A multi-center study found that AI-assisted prostate biopsy review improved diagnostic consistency, reduced lab workloads, and cut turnaround times by nearly a day in UK NHS pathology labs.
A multi-center study published in Nature Digital Medicine demonstrates that using artificial intelligence to assist pathologists in prostate biopsy reporting improves diagnostic consistency and reduces laboratory workloads.
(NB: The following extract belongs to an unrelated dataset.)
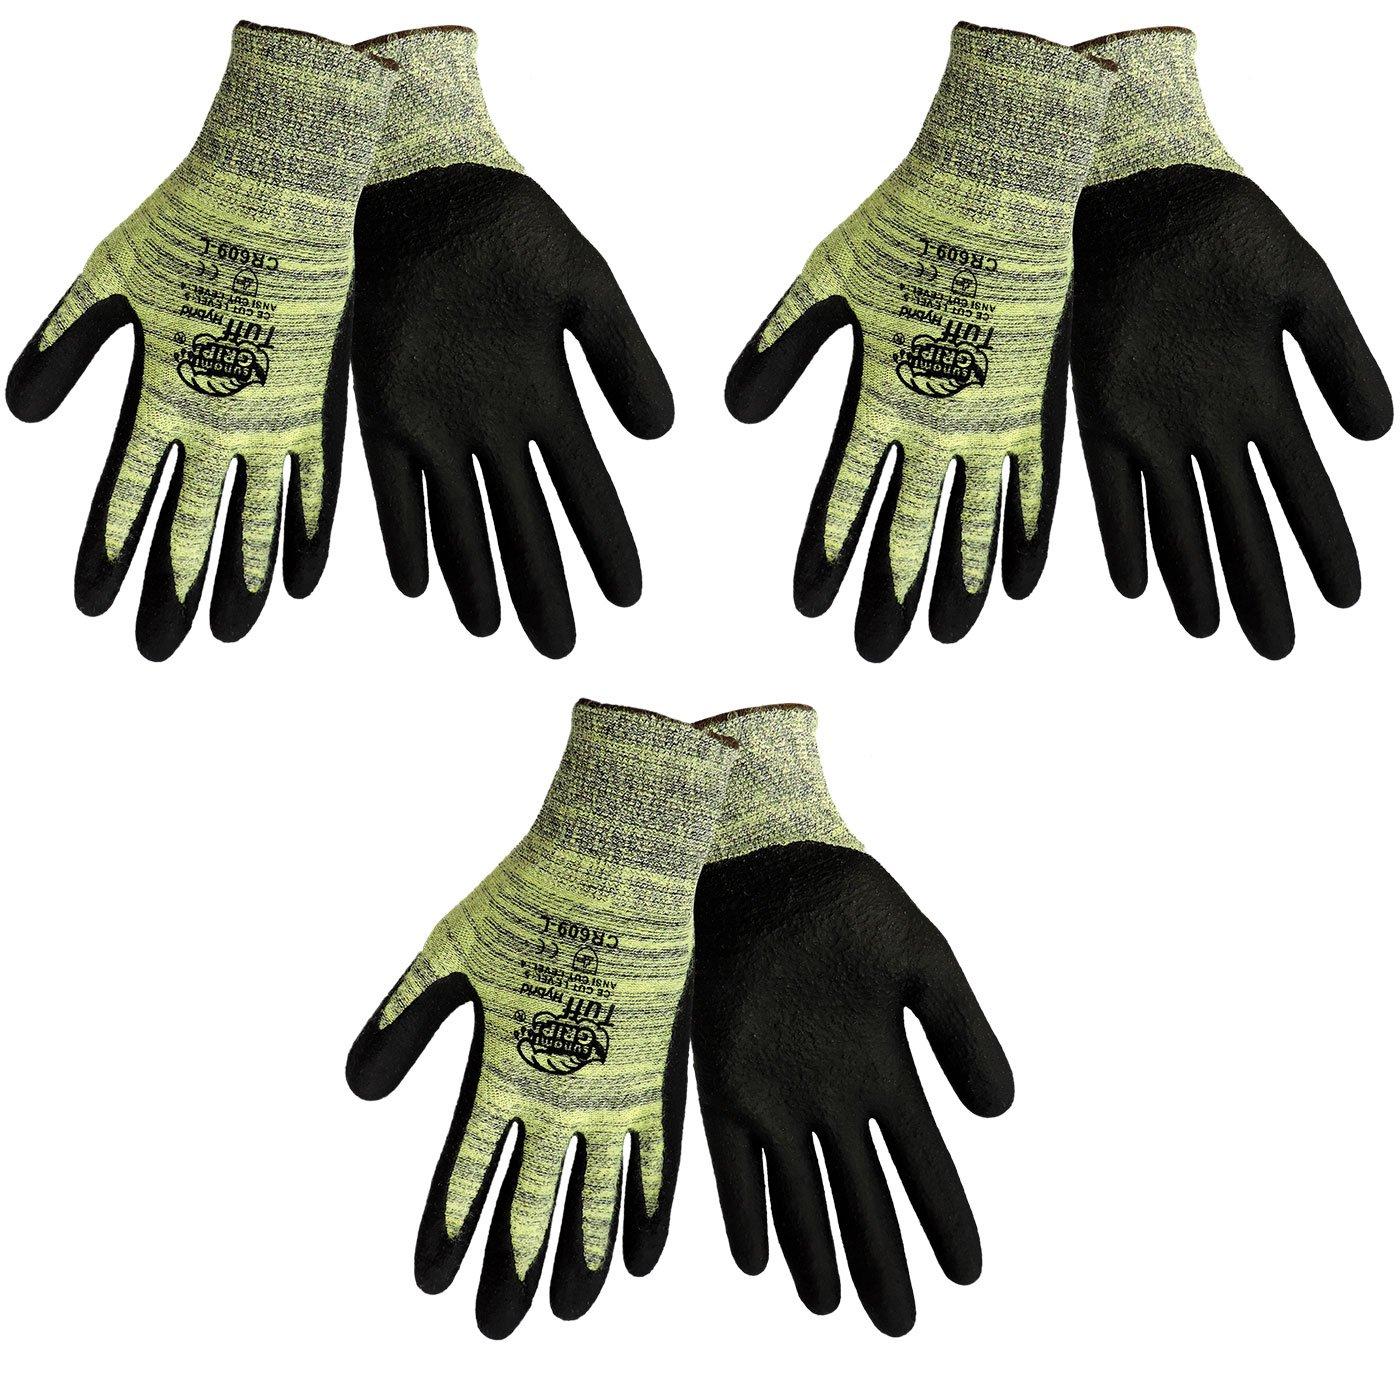 Tsunami Grip CR609 Tuff Hybrid Cut Resistant Nitrile Coated Work Glove Sizes S-XL, (3 Pair Pack) (Large)

The Articulate Pro study, highlighted by technology company Tempus, evaluated the Paige Prostate Suite within the routine clinical workflows of three United Kingdom National Health Service trusts: Oxford University Hospitals NHS Foundation Trust, North Bristol NHS Trust, and University Hospitals Coventry and Warwickshire NHS Trust. Expert histopathologists assessed biopsies from more than 1,000 patients in real time with the assistance of the software.
According to the study, AI-assisted review supported pathologists in updating the initial diagnosis or Grade Group for 5% of patients. Of these changes, 1.3% were significant enough to potentially alter the clinical management of the patient.
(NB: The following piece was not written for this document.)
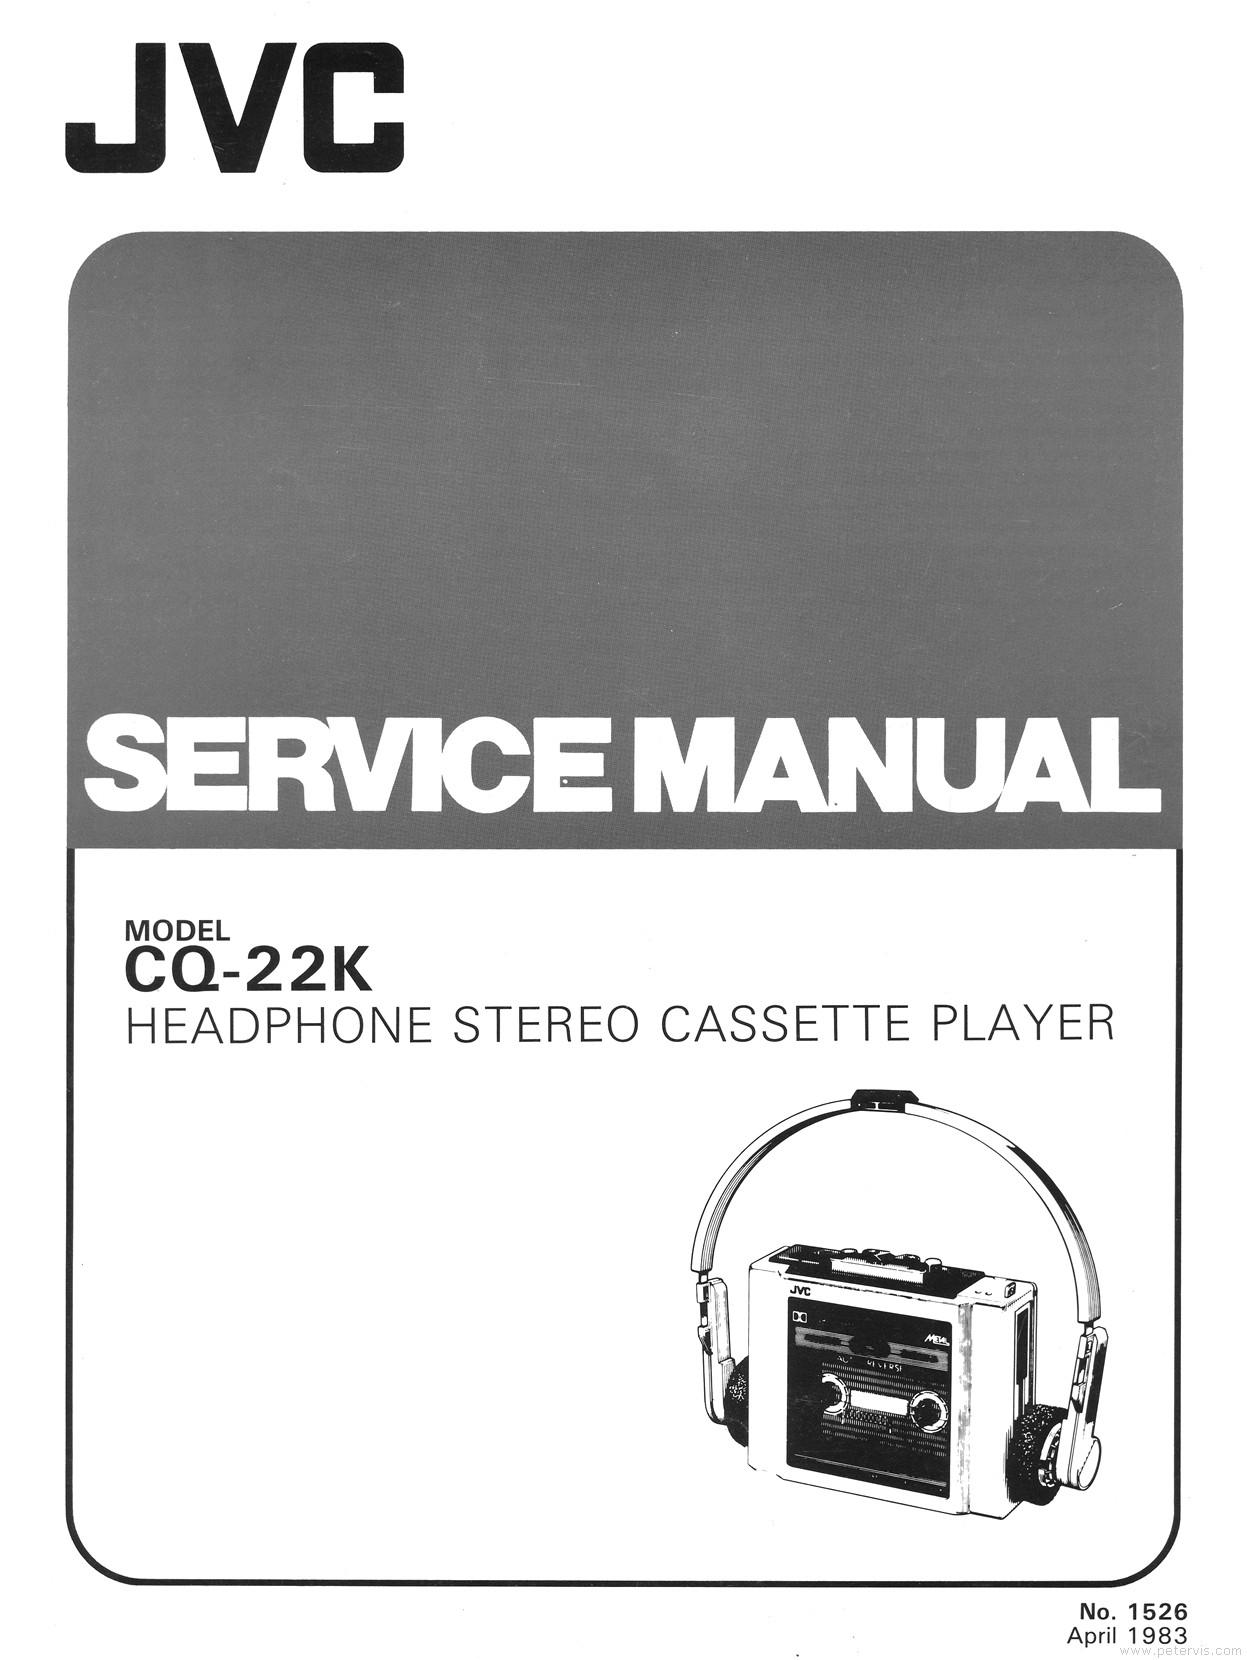 JVC CQ-22K Service Manual

Impact on Laboratory Efficiency
The study found that the technology successfully flagged subtle cancerous lesions and prompted pathologists to adjust tumor aggressiveness grading. Laboratories using the artificial intelligence reported quicker diagnostic turnaround times, with patients potentially receiving results nearly a day sooner than standard workflows allow.
Integration of the software also led to a reduction in requests for extra immunohistochemistry staining. This efficiency could provide relief and cost savings for overstretched digital pathology laboratories, according to the press release.
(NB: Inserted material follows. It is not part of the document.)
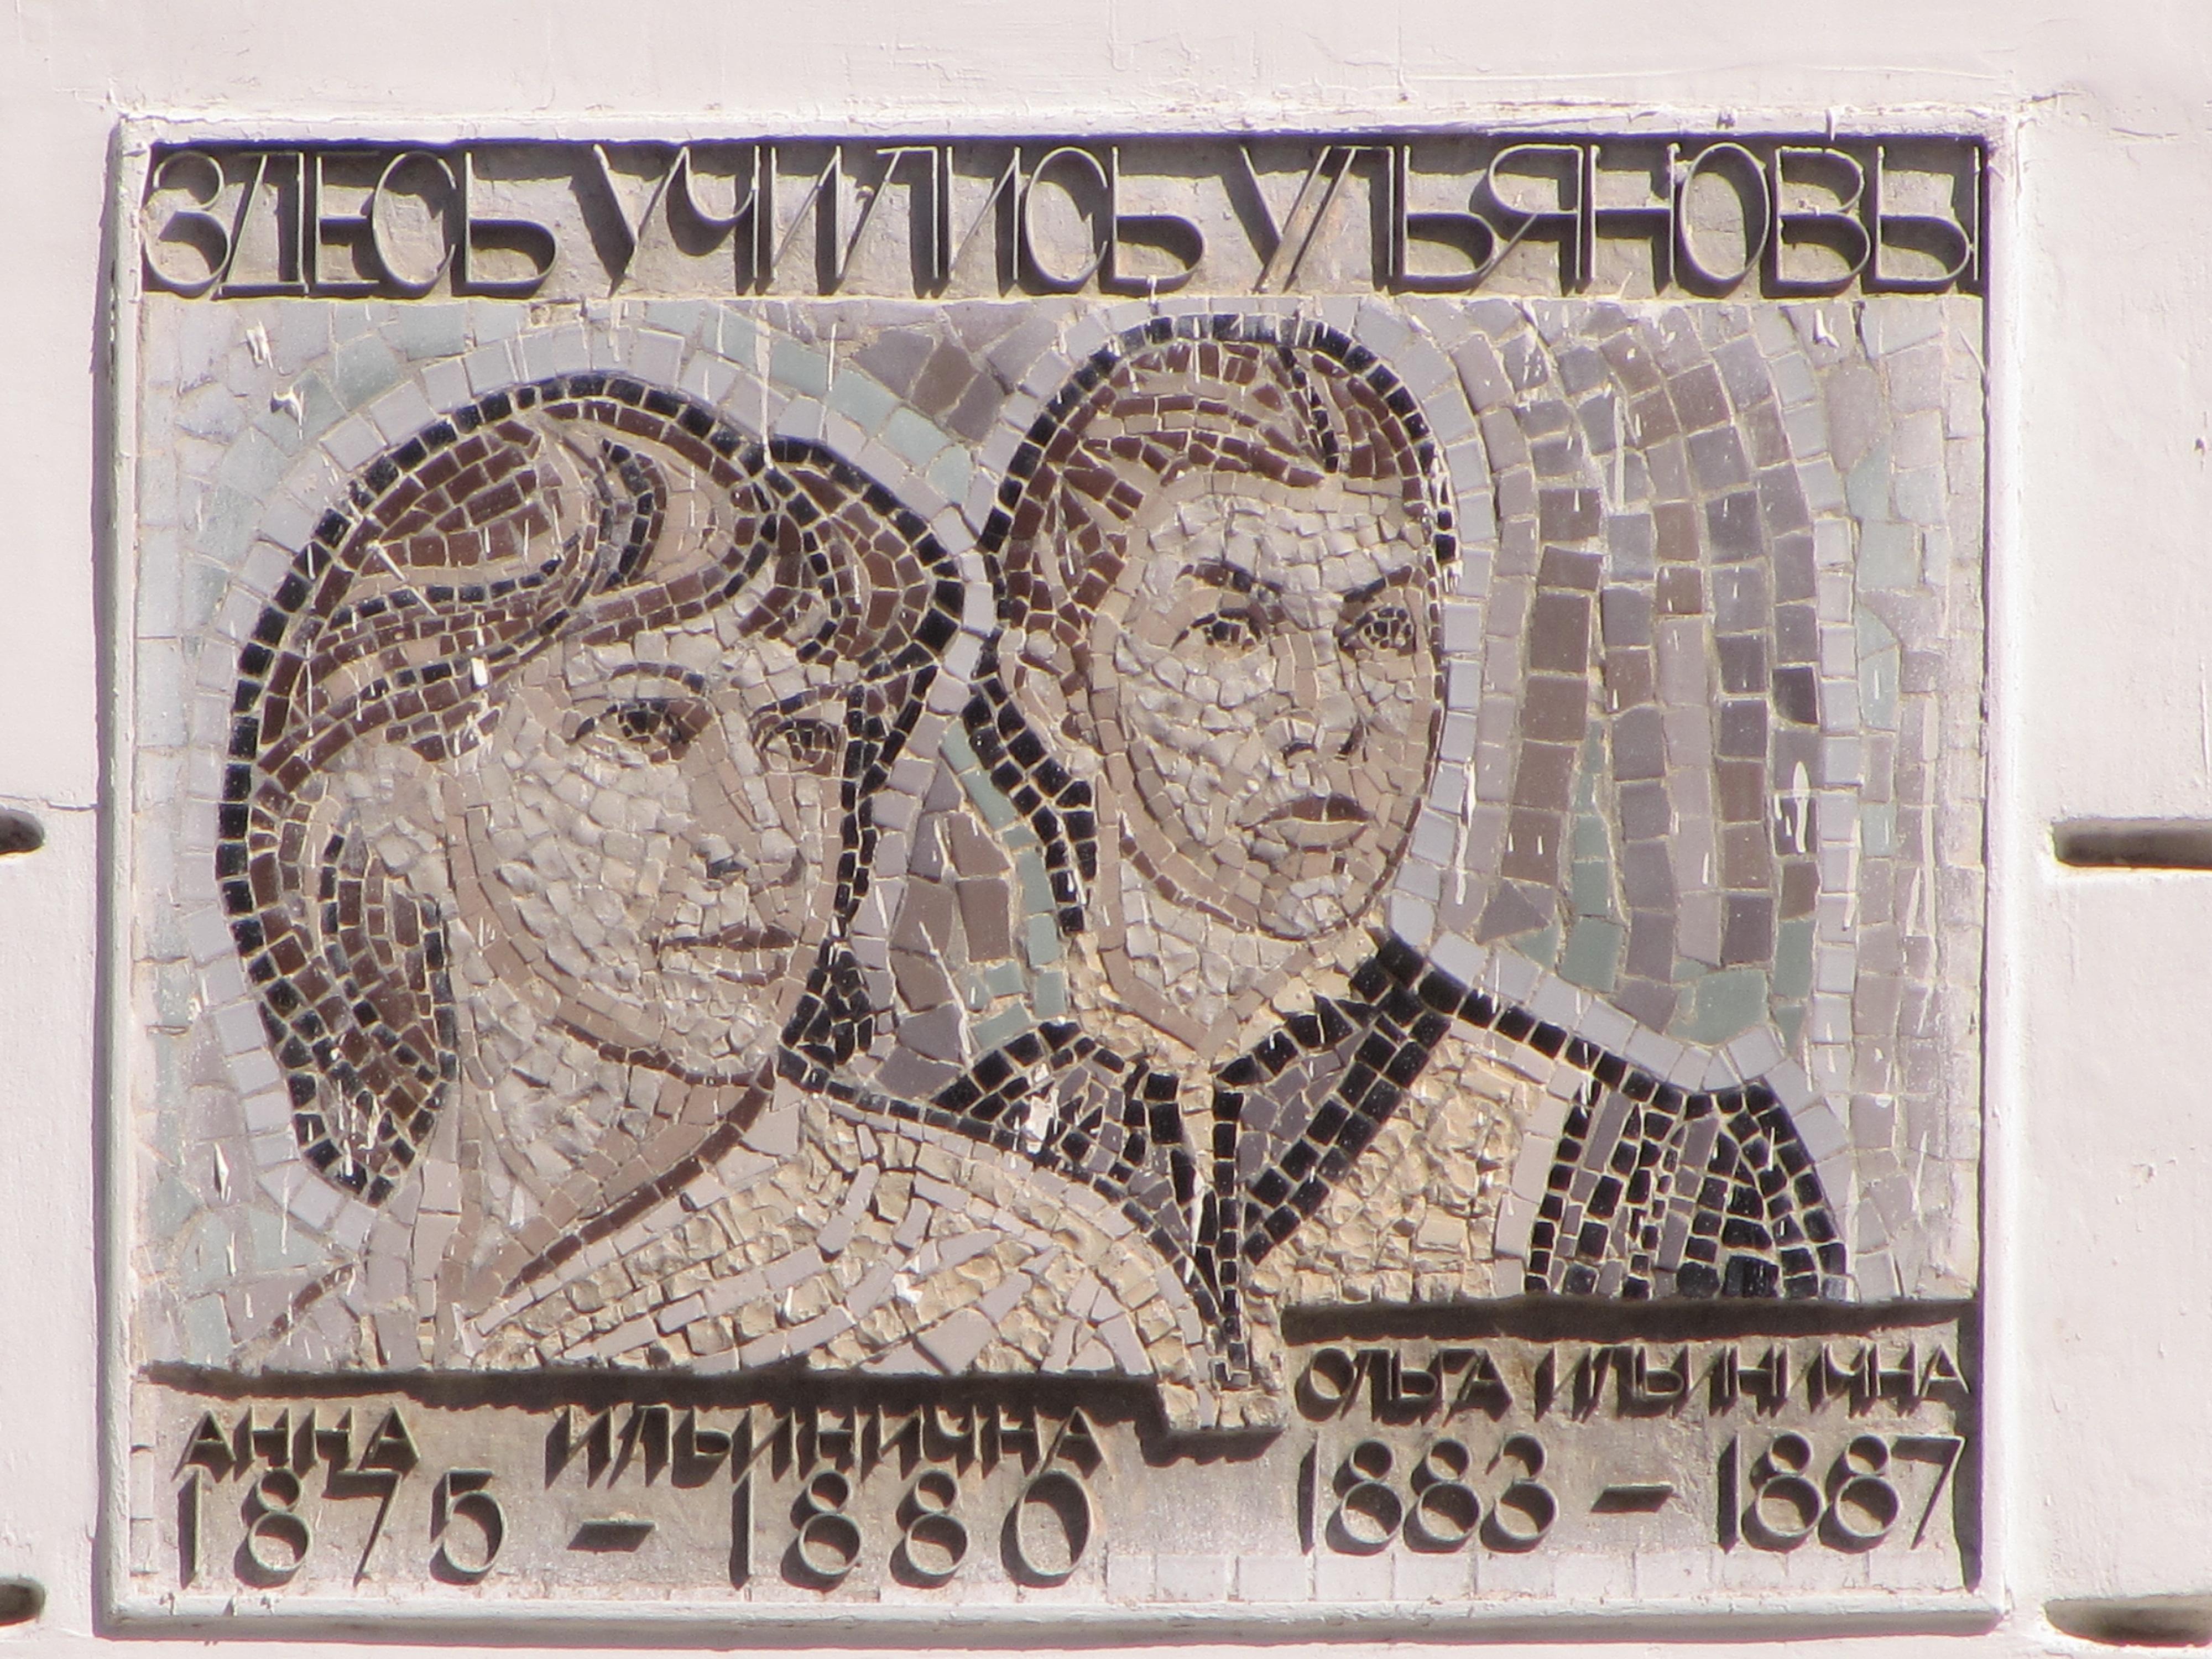 Photo of Anna Ilyinichna Yelizarova-Ulyanova and Olga Ilyinichna Ulyanova multicoloured plaque

“The rigorous, real-world results in the Articulate Pro study are a massive step forward for the global adoption of digital pathology,” says Razik Yousfi, senior vice president and general manager of AI products at Tempus, in a release. “Integration of the Paige Prostate Suite directly into routine workflows shows that AI doesn’t just work in a sandbox; it can actively alleviate the immense pressure on overstretched laboratories, cut down reporting times, and give pathologists an extra layer of confidence when making critical diagnostic decisions.”
Diagnostic Tools and Authorization
The Paige Prostate Suite consists of applications designed to aid in the detection and grading of prostate cancer. Certain applications in the suite are authorized by the Food and Drug Administration and are CE-marked and UKCA-marked for clinical use with specific slide image viewers and scanners. Other applications within the suite are currently offered for research use only.
The study was led by Clare Verrill, a professor at the University of Oxford’s Nuffield Department of Surgical Sciences, and examined how the technology impacted clinical decision-making and the use of resources across the participating National Health Service trusts.